Autodidata - não teve universidade, exceto a do Meyer, como gostava de chamar a Escola Ennes de Souza, onde estudou de 1931 a 1935 – Millôr tinha amplo domínio de línguas e da cultura ocidental. Publicou mais de cinqüenta livros, quinze peças e uma centena de traduções de dramas, tragédias e comédias. Considerado o melhor tradutor de Shakespeare no Brasil, tinha da tradução uma concepção nada teórica, mas rigorosa:

- Fica dito: não se pode traduzir sem ter uma filosofia a respeito do assunto. Não se pode traduzir sem ter o mais absoluto respeito pelo original e, paradoxalmente, sem o atrevimento ocasional de desrespeitar a letra do original exatamente para lhe captar o melhor espírito. Não se pode traduzir sem o mais amplo conhecimento da língua traduzida mas, acima de tudo, sem o fácil domínio da língua para a qual se traduz. Não se pode traduzir sem cultura e, também, contraditoriamente, não se pode traduzir quando se é um erudito, profissional utilíssimo pelas informações que nos presta – que seria de nós sem os eruditos em Shakespeare? – mas cuja tendência fatal é empalhar borboleta. Não se pode traduzir sem intuição. Não se pode traduzir sem ser escritor, com estilo próprio, originalidade sua, sendo profissional. Não se pode traduzir sem dignidade.

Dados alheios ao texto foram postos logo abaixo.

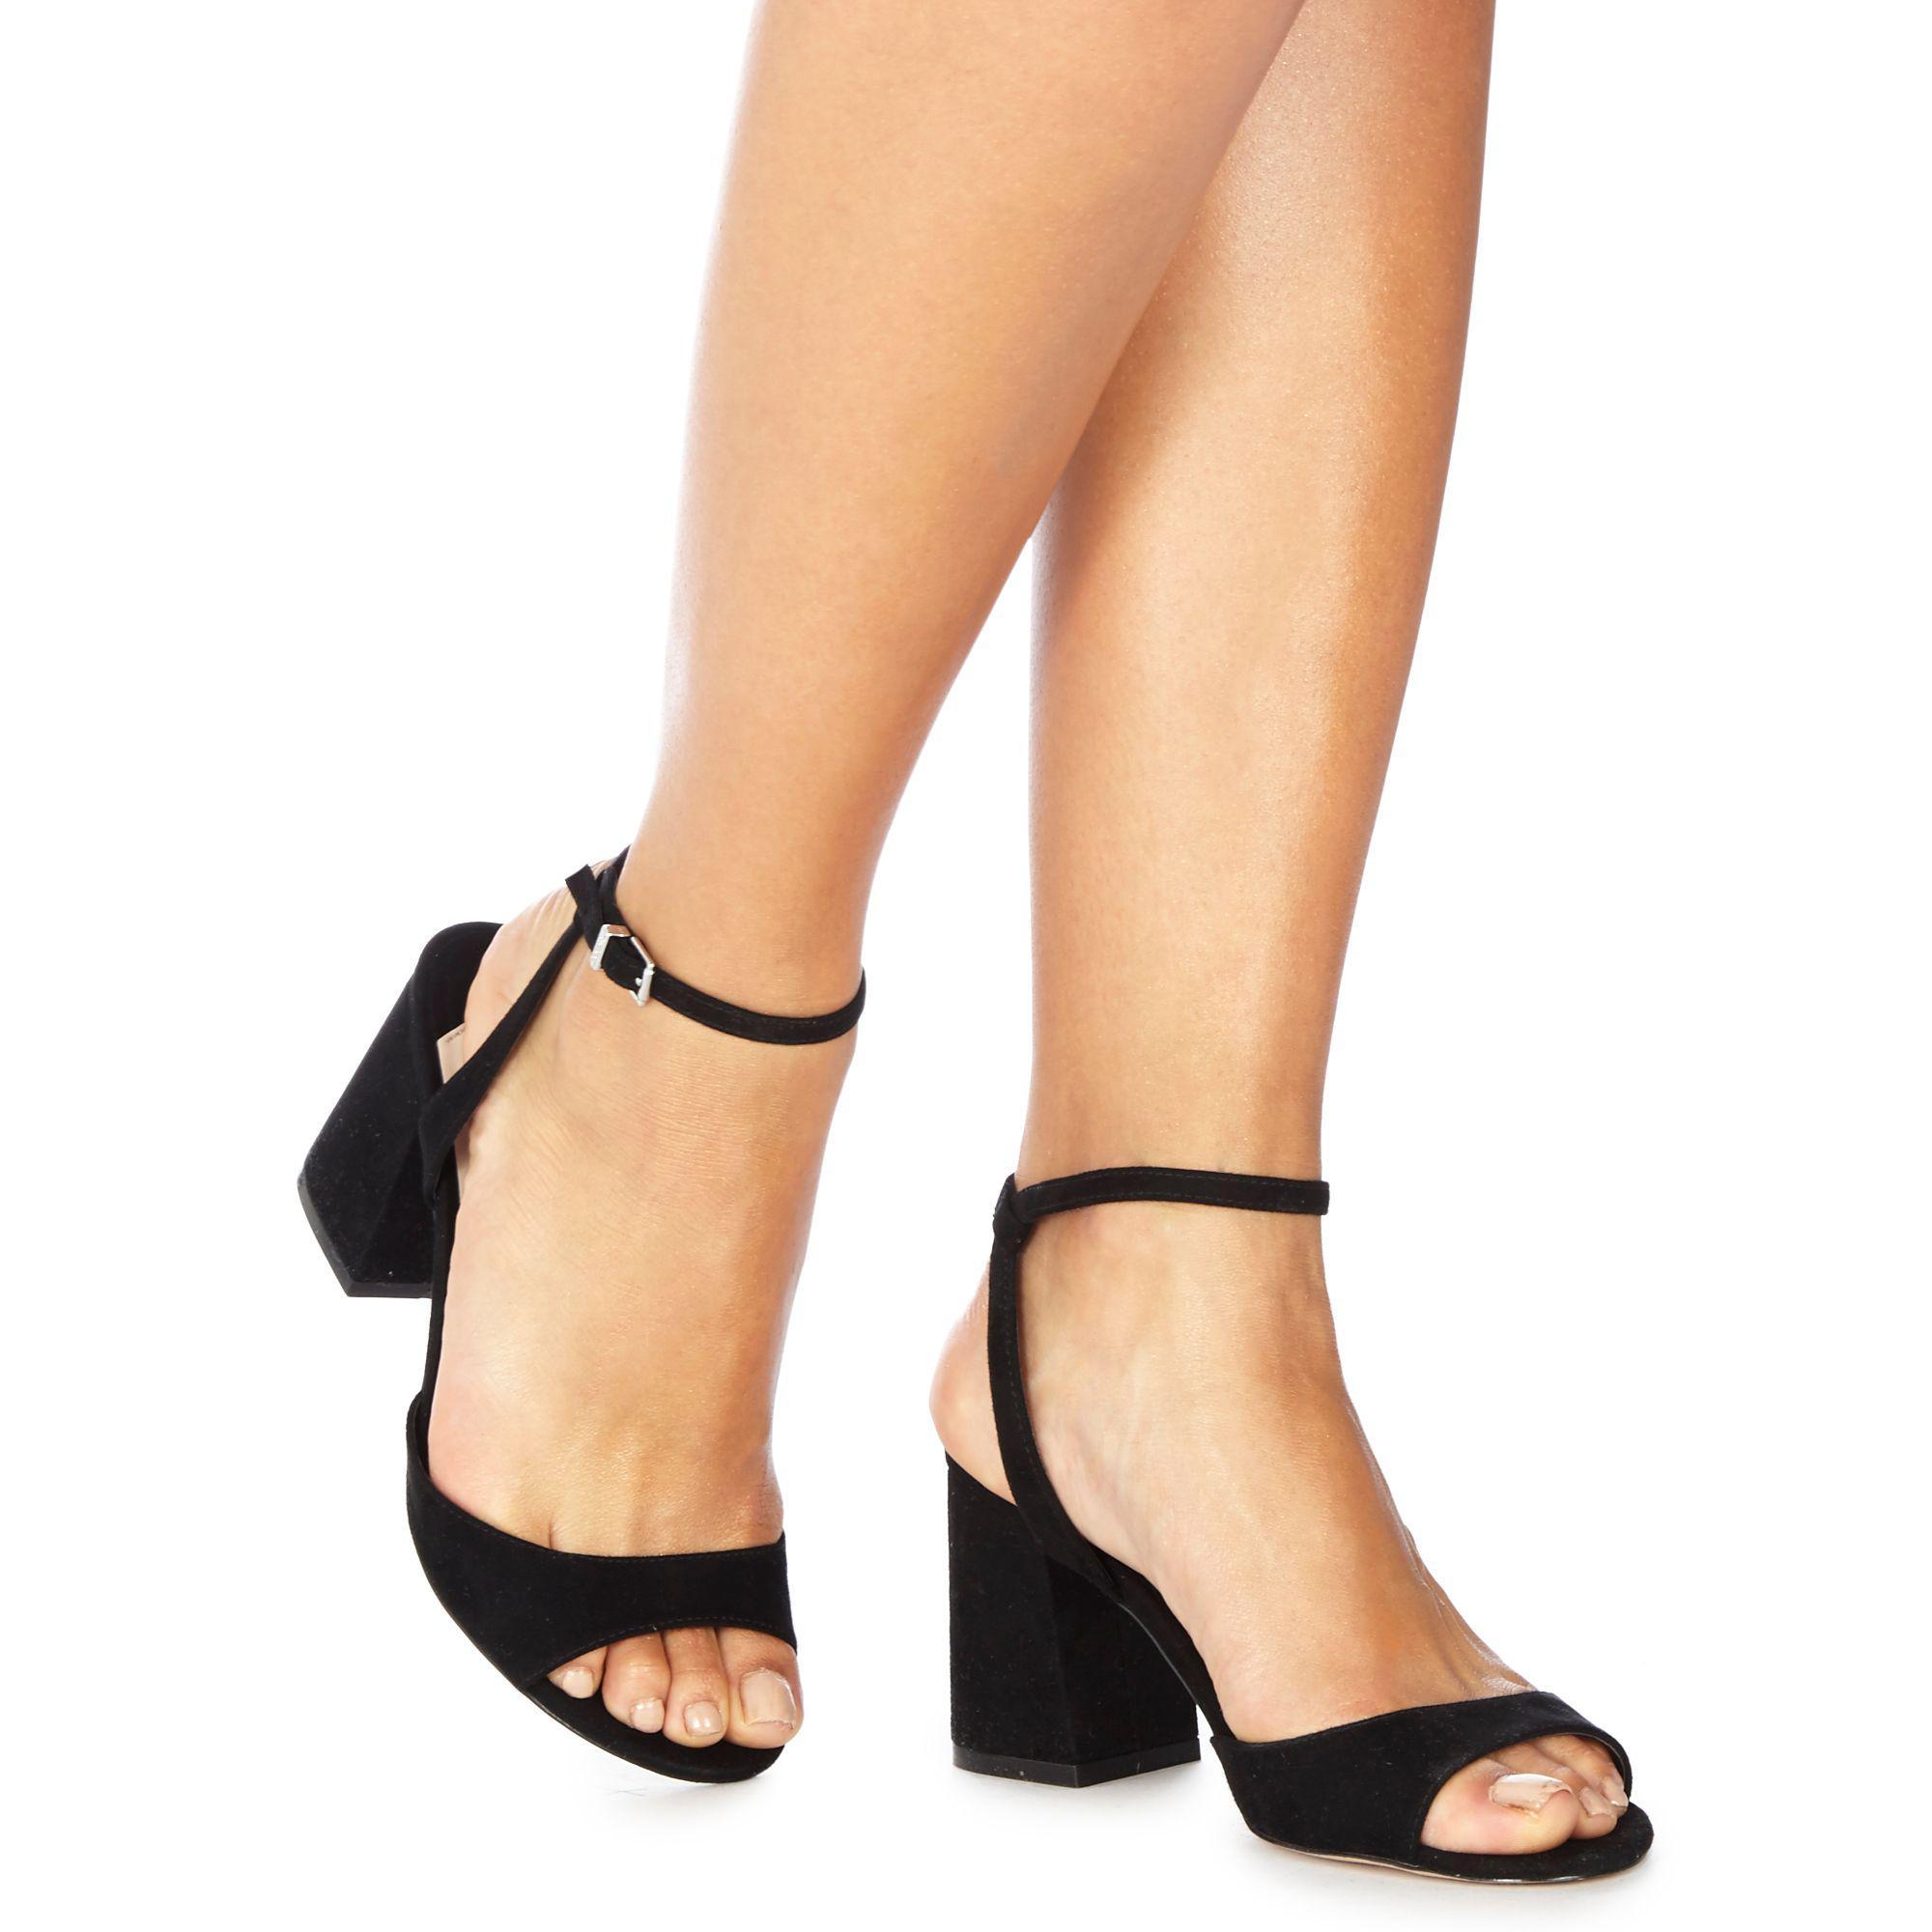 ec8c5e687280 Faith. Women s Black Suedette  danicar  Mid Block Heel Ankle Strap Sandals

Nada a ver com o vulgar piadista da Globo. Compartilhava comigo – e suponho que era o único a compartilhar – minha visão de Machado de Assis como um escritor banal. Sempre considerei absurdo o fato de a crítica tupiniquim considerar como o grande drama nacional o fato de Capitu ter ou não ter traído Bentinho. Dizia Millôr:

- Machado de Assis é um bobo, mas todo o mundo o coloca no céu. É difícil a pessoa recuar naquilo que absorve na juventude. Minha cabeça funciona o tempo todo. A questão da Capitu em Dom Casmurro, por exemplo. Fica todo o mundo preocupado se a Capitu deu ou não para o Escobar. Ora, é evidente que sim. O livro diz que o filho da Capitu tem a cara do Escobar. Demonstro com evidências que Capitu traiu. Bentinho descreve de tal maneira Escobar que ele parece mesmo apaixonado pelo amigo. Peguei trechos sintomáticos do Bentinho no livro. Escobar se afasta no ônibus e Bentinho fica triste porque ele não lhe dá adeus. Eles ficavam de mãos dadas no colégio de padres e os padres achavam aquilo estranho. Não era normal. Dom Casmurro é um livro fraco.

Assino embaixo. Requiescat in pace, caríssimo. Que o inferno te seja ameno. Lá, encontrarás boa companhia, Swift, Voltaire, Nietzsche. No paraíso estão os puxa-sacos de Jeová, que não deve ter gostado de tua versão da Criação.